Copy exactly the lines from the line holding "The latest workforce" through the end of the material, and no others; pictures stay out.

- [THE DATA]
Segment Open

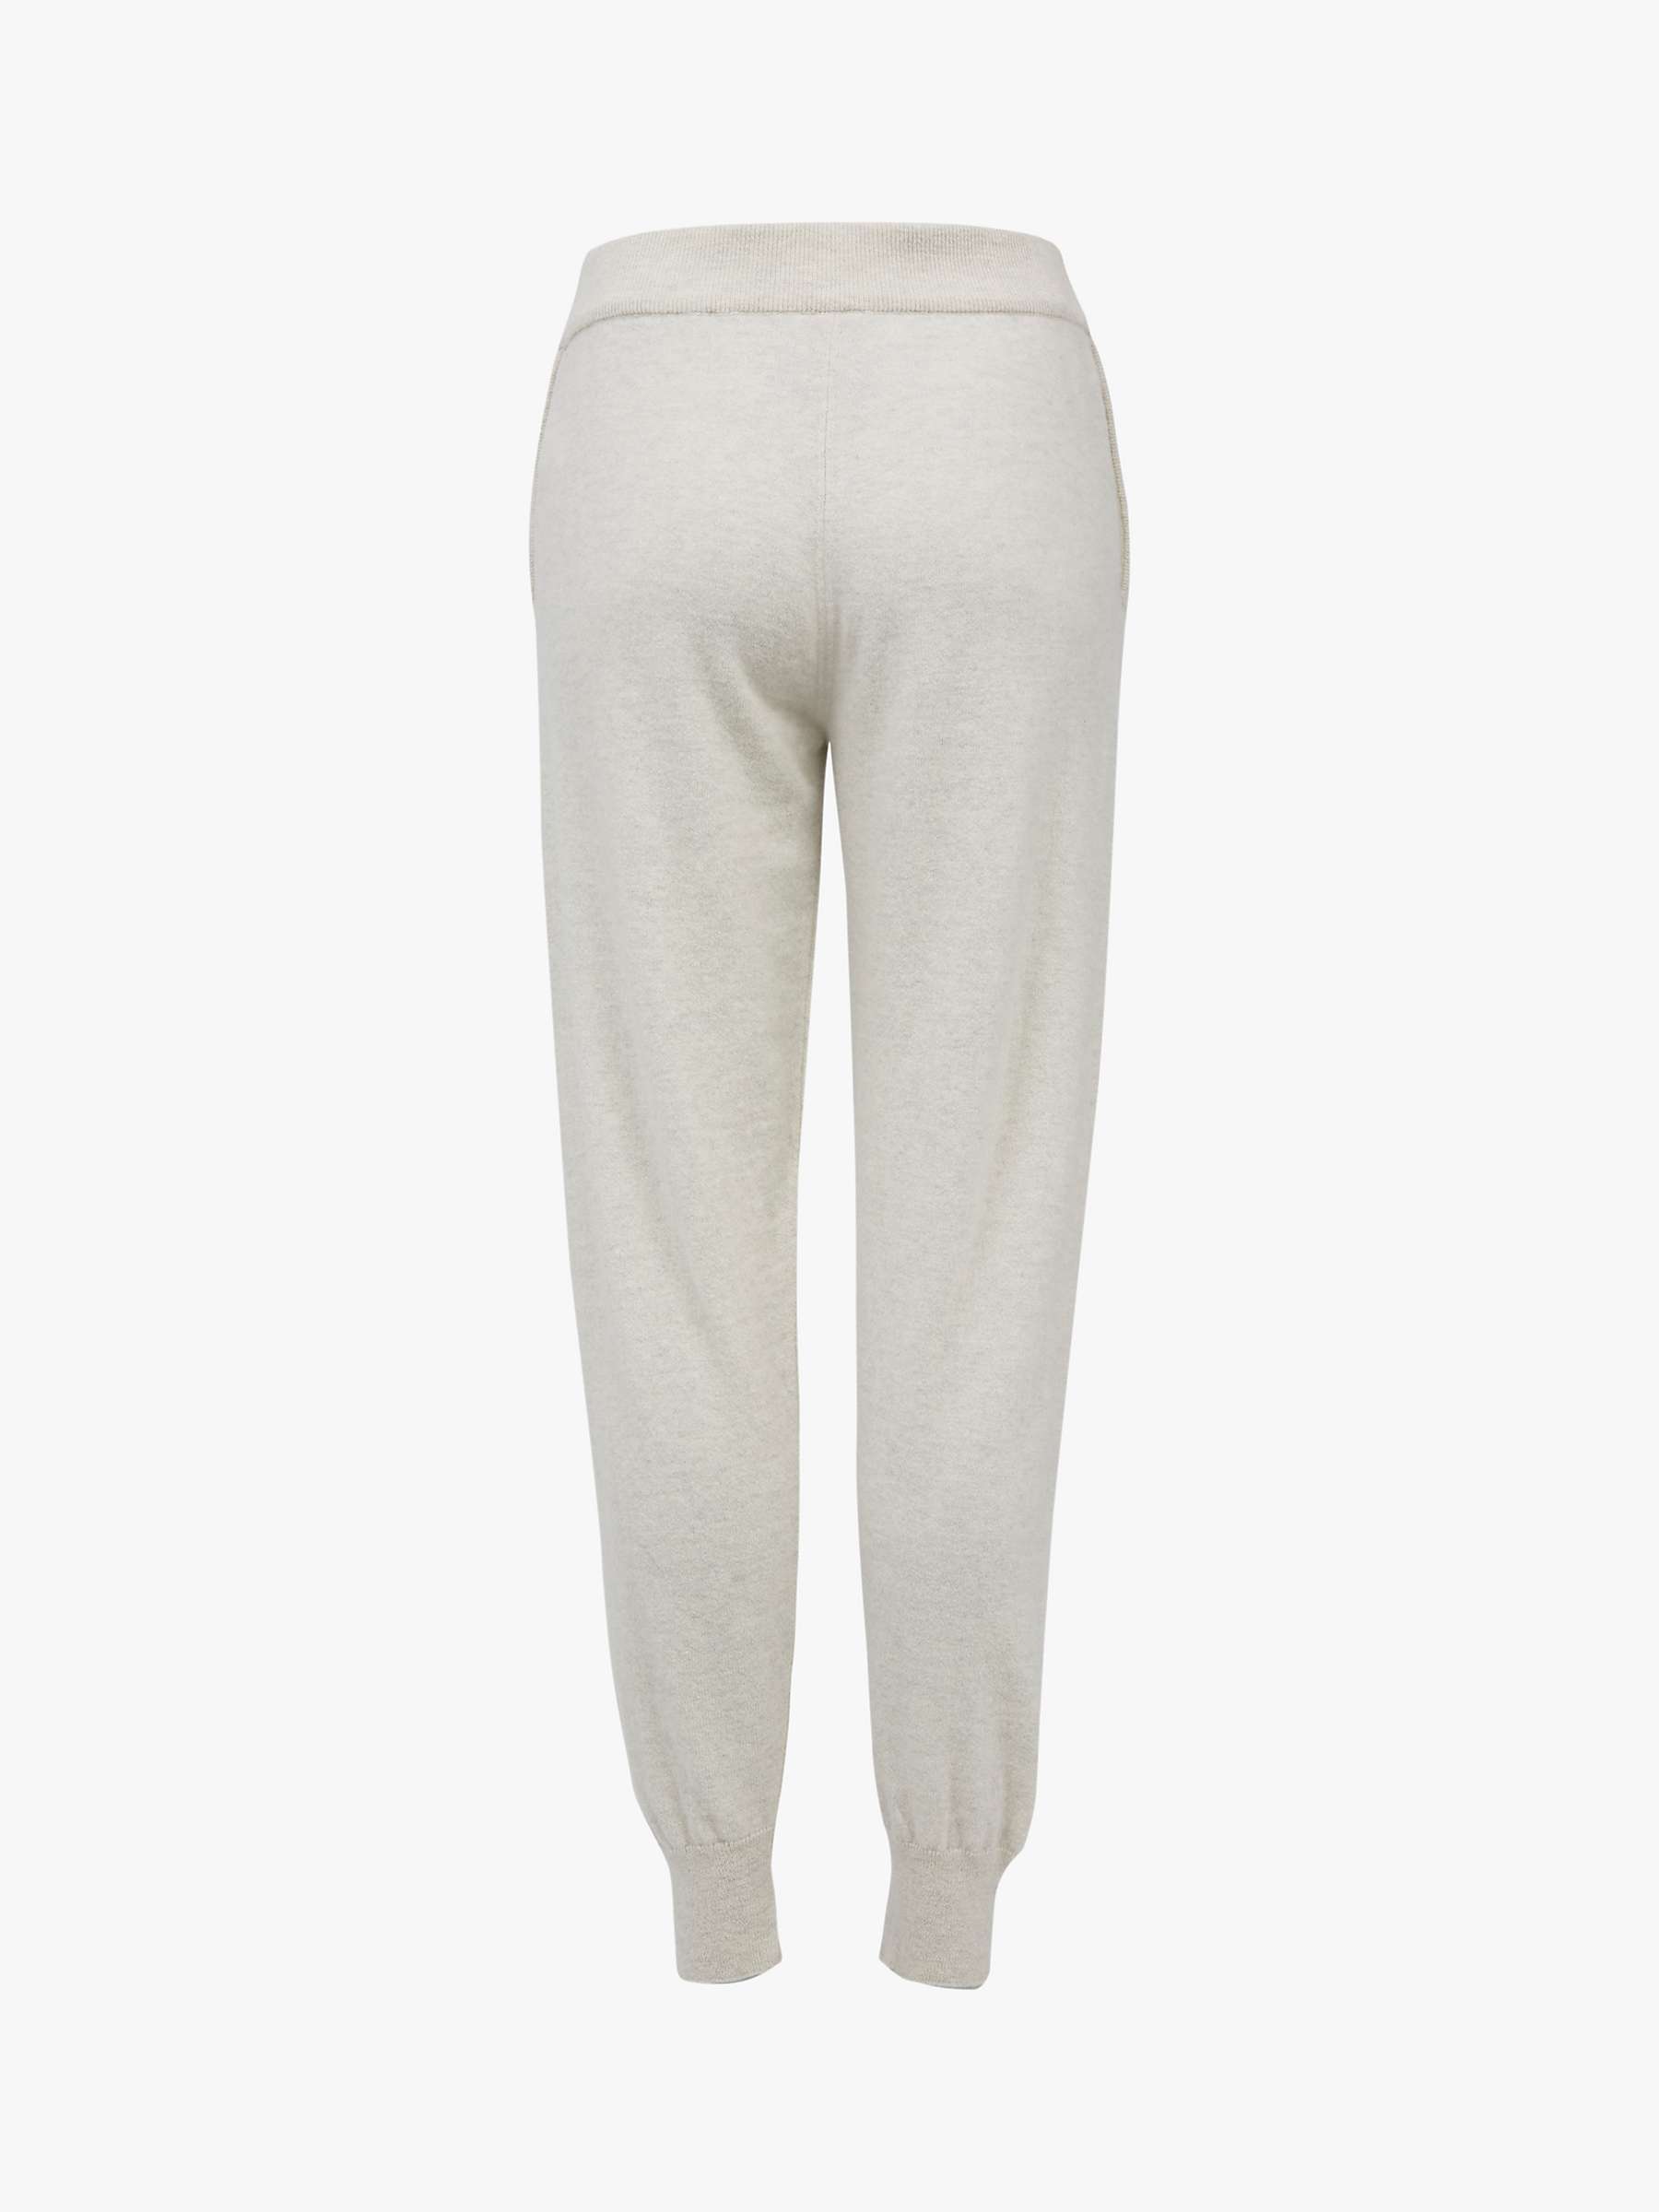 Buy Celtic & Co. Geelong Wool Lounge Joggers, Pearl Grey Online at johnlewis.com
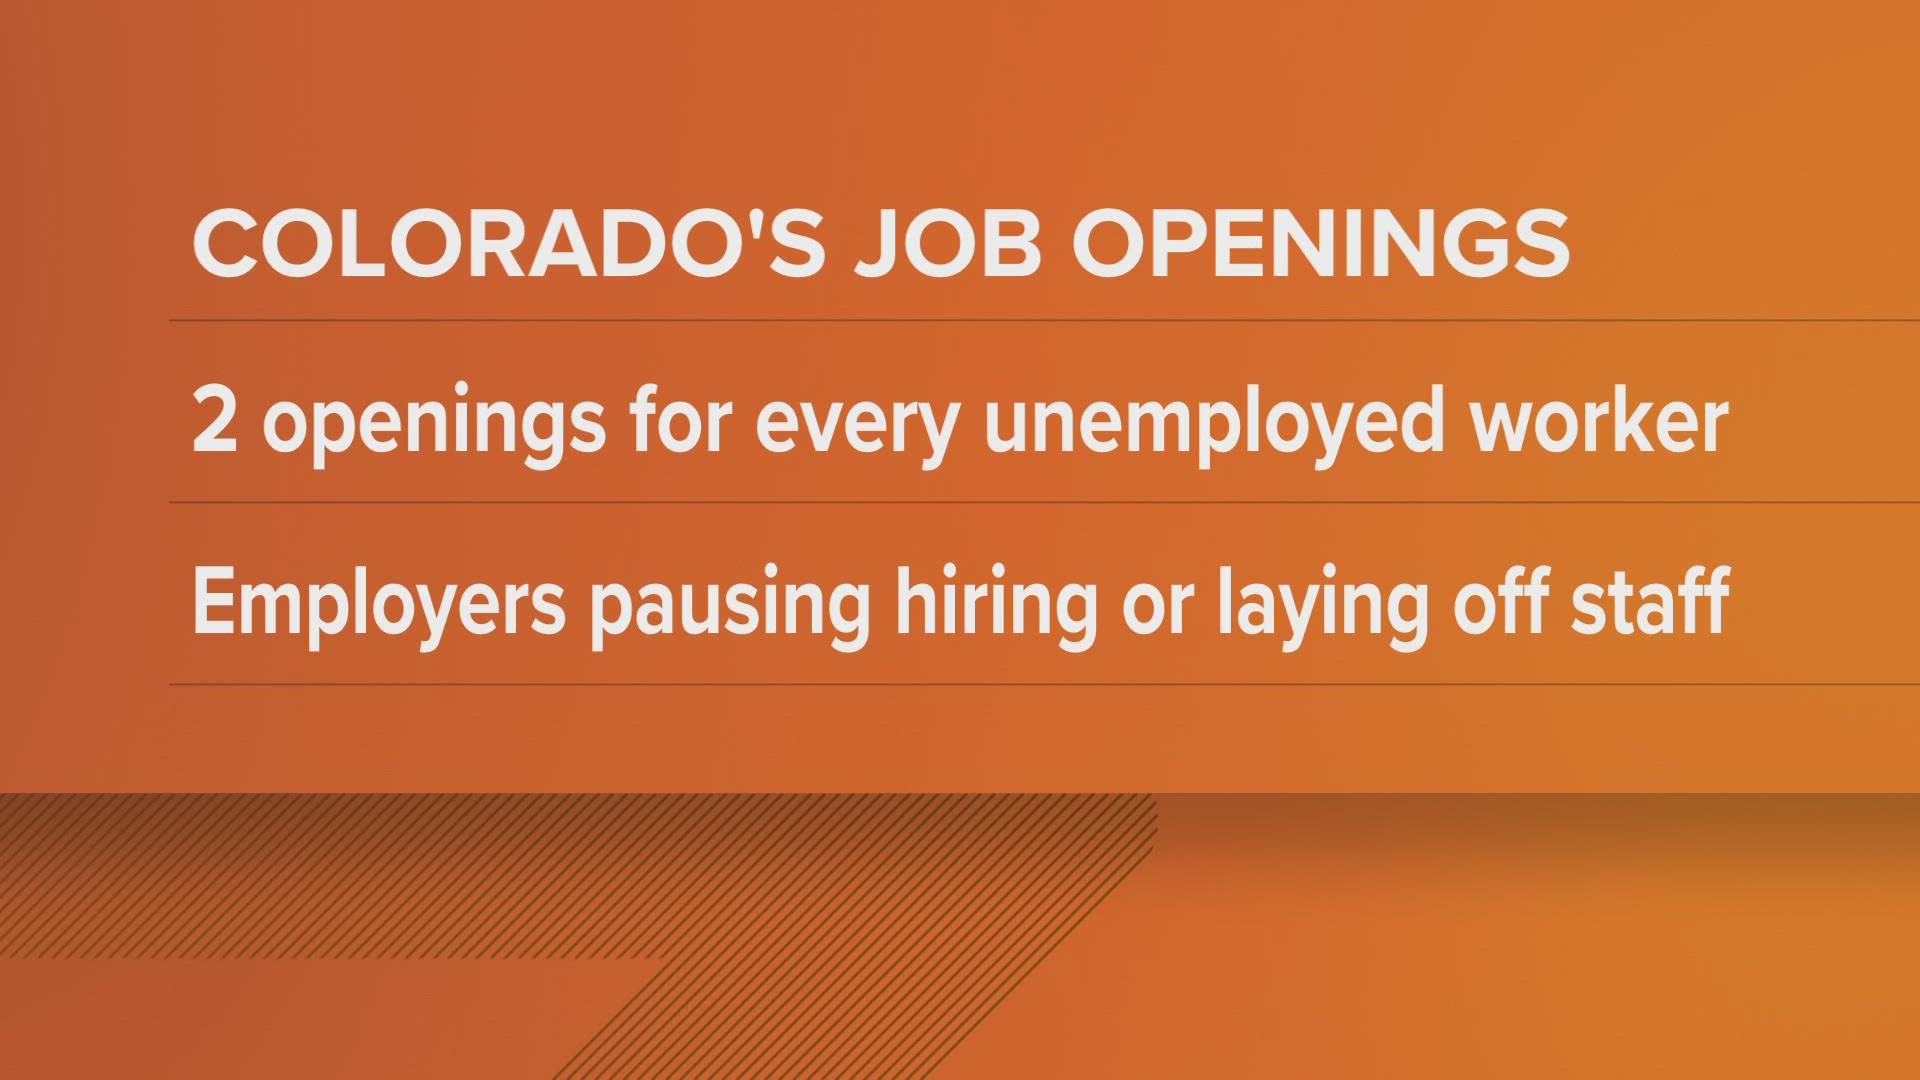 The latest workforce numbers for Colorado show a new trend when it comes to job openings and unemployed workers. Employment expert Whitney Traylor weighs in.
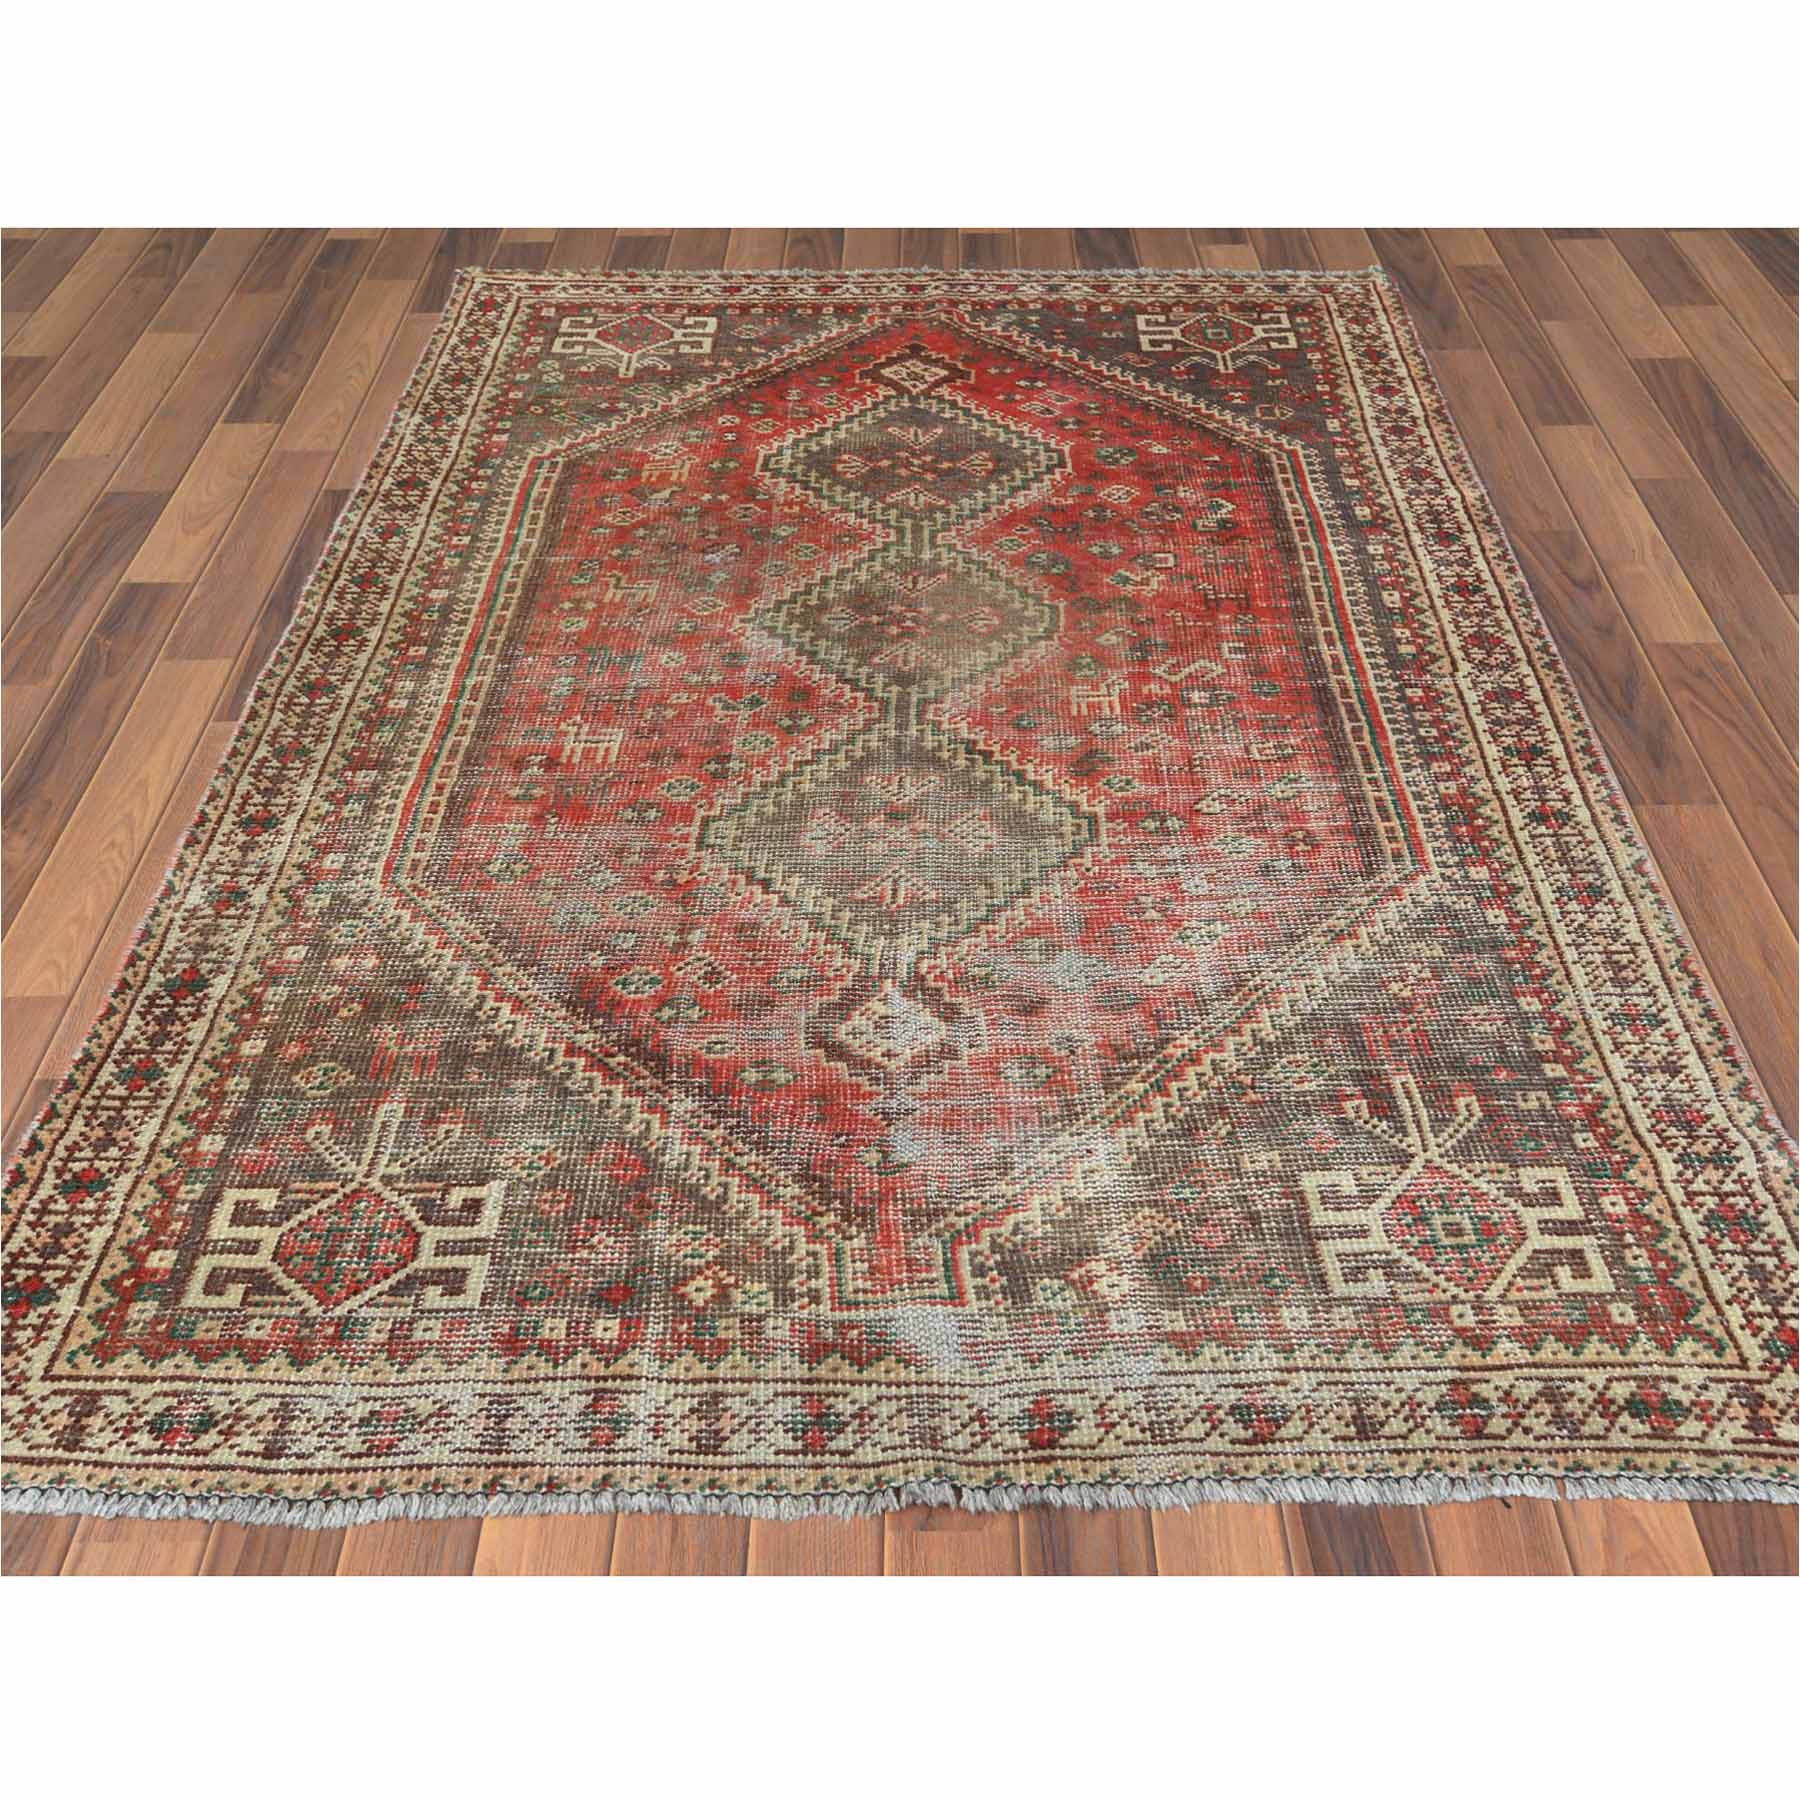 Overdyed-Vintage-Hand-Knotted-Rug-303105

Segment Closed

- [EXERCISE RESPONSE]
 The latest workforce numbers for Colorado show a new trend when it comes to job openings and unemployed workers. Employment expert Whitney Traylor weighs in.
 Overdyed-Vintage-Hand-Knotted-Rug-303105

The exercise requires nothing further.